Uncertainty quantification is the identification and quantification of sources of uncertainty. In our training of a neural differential equation, we have seen that the question of uncertainty can quickly become muddled. Results are inexact because of:

  • Truncation errors in the ODE solve

  • Truncation errors in the adjoint ODE solve

  • Truncation errors in the interpolation calculation

  • Numerical errors in every dot product along the way (!)

  • Numerical errors in matrix multiplication and linear solving (latter when implicit)

  • Numerical errors in backpropagation

  • Measurement errors in our fitting data

  • Randomness in the optimizer (when stochastic, like ADAM)

  • What is the error in the model specification / model form?

"How correct is my model?" is thus a very involved question, since you'd have to know that every source of uncertainty is contained. In some cases we have rigorous mathematical results proving bounds. In other cases, we need to find empirical ways to quantify what's going on using our known bounds.

Some High Level UQ Techniques

Two high level UQ techniques fall out of methodologies we have recently discussed. If we fit a model $f$ to data, be it a neural network, a neural ODE, or some physical ODE model, we can fit it probabilistically using the Bayesian estimation or probabilistic programming tools previously described. With this form of fitting, one can ask the question "what are the likely results from the model given these parameter distributions?", which can then be answered through Monte Carlo sampling.

Another form of high level UQ is global sensitivity analysis, which gives a measurement for how much the output is going to vary over a wide range and thus relates uncertainties in the input to uncertainties in the output.

Pushforward Methods for Uncertainties

Instead of relying on expensive Monte Carlo methods for the pushforward of an uncertainty, we can derive a more programmatic approach to uncertainty quantification through the use of uncertain number arithmetic.

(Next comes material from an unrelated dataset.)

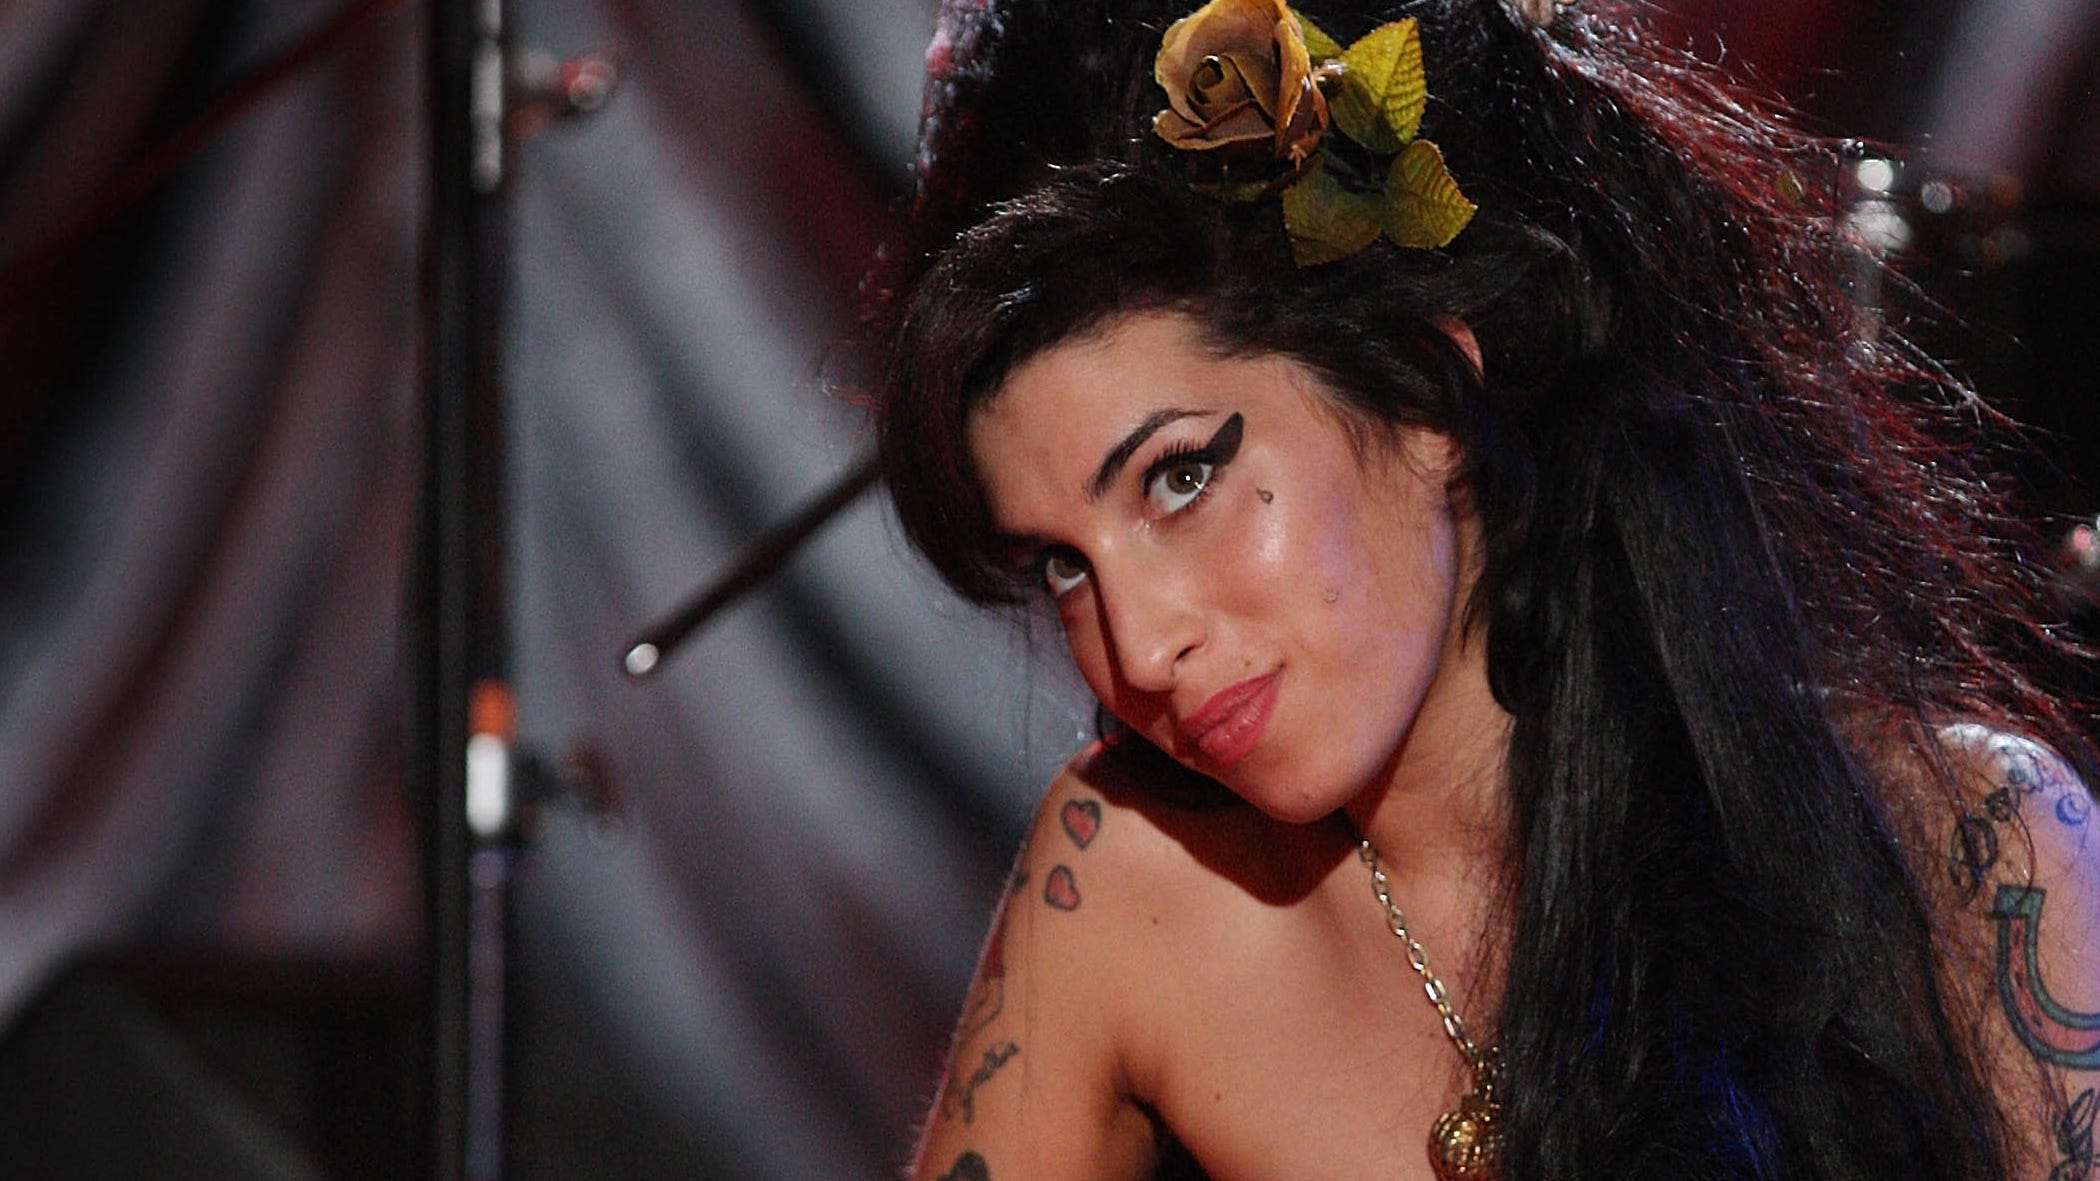 'Back to Black' follows Amy Winehouse through career highs and infamous heartbreak

To start, let's first revive the old physics way to doing simple uncertainty quantification. If you have two numbers, $x = a \pm b$, one might remember the rules like,

\[ \alpha + a = (\alpha + a) \pm b \]

\[ \alpha a = \alpha a \pm |\alpha| b \]

Let's investigate this a bit more and see if we can develop an arithmetic, like dual numbers, to then propagate through whole programs. This idea comes from the arithmetic on normally distributed random variables. If we interpret $x \sim N(a,b)$, i.e. a normally distributed random variable with mean $a$ and standard deviation $b$, then the distributions follow that:

\[ \alpha + a \sim N(\alpha + a,b) \]

\[ \alpha a \sim N(\alpha a,|\alpha|b) \]

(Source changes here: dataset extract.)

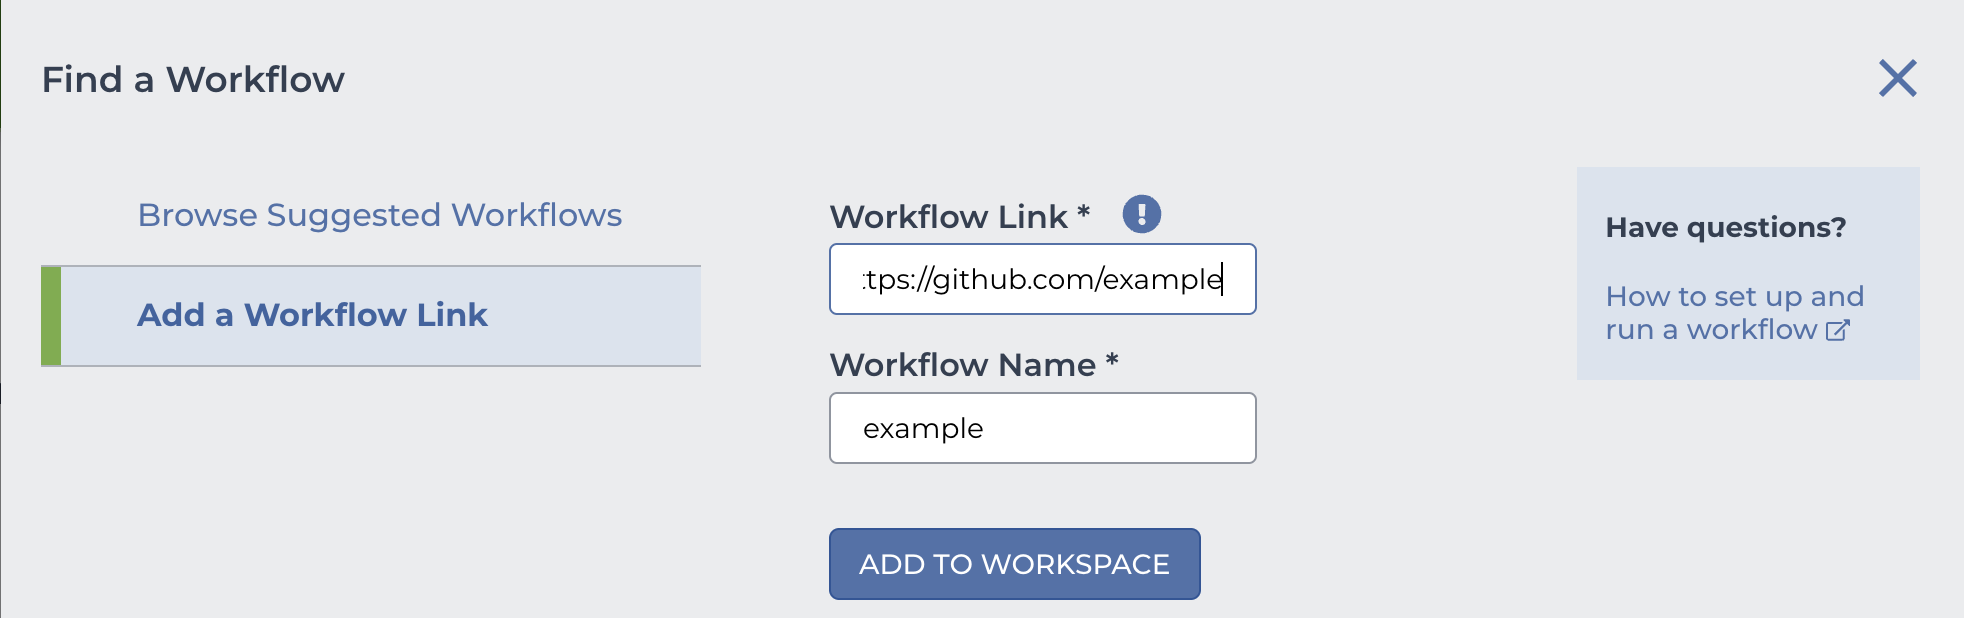 ToA_Find-a-workflow_Add-a-workflow-link_Screenshot.png

From here we can begin to expand to multiple variables. If $f = Ax$ where $x ~ N(\mu,\Sigma)$ is a multidimensional random variable, then

\[ E[f] = A\mu \]


\[ V[f] = A \Sigma A^T \]

Now take a nonlinear $f(x)$. By a Taylor expansion we have that

\[ f(x) = f_0 + Jx + \ldots \]

i.e. the linear approximation is $f_0 + Jx$ where $f_0 = f(\mu)$ and $J$ is the Jacobian matrix. If we do a pushforward on the linear approximation, we receive

\[ f(x) ~ N(f(\mu),J\Sigma J^T) \]

which gives the rules for the pushforward on any possible function through the linearization. But the linearization is the same as the forward differencing ones, meaning that we can augment existing tooling for forward-mode automatic differentiation to perform pushforwards of uncertain quantities. A library which does this is Measurements.jl. Note that this library additionally tracks the correlations between each variable so that the second order terms are accurate.

Measurements.jl in Practice: Measurements on DifferentialEquations

Since DifferentialEquations.jl takes in arbitrary number types, we can have it recompile to do the arithmetics of uncertainty propagation. For example, the following solves the pendulum of arbitrary amplitude with respect to uncertain parameters and initial conditions:

\[ \ddot{\theta} + \frac{g}{L} \sin(\theta) = 0 \]

using OrdinaryDiffEq, Measurements
gaccel = 9.79 ± 0.02; # Gravitational constants
L = 1.00 ± 0.01; # Length of the pendulum

#Initial Conditions
u₀ = [0 ± 0, π / 3 ± 0.02] # Initial speed and initial angle
tspan = (0.0, 6.3)

#Define the problem
function simplependulum(du,u,p,t)
    θ  = u[1]
     = u[2]
    du[1] = 
    du[2] = -(gaccel/L) * sin(θ)

#Pass to solvers
prob = ODEProblem(simplependulum, u₀, tspan)
sol = solve(prob, Tsit5(), reltol = 1e-6)

using Plots

From here it is clear that as the pendulum goes forward, the uncertainty grows since the exact period is unclear. Notice another nice feature is on display here: the Plots.jl Recipe System. The plotting just worked because the recipes are a type-recursive system. The three steps were:

  1. The DifferentialEquations solution recipe transformed the ODE solution into an array of measurement variables

  2. The Measurements recipe transformed the measurement variables into an array of floats along with a series of error bars

  3. This array of floats was recognized as a native format, and thus the plot was made.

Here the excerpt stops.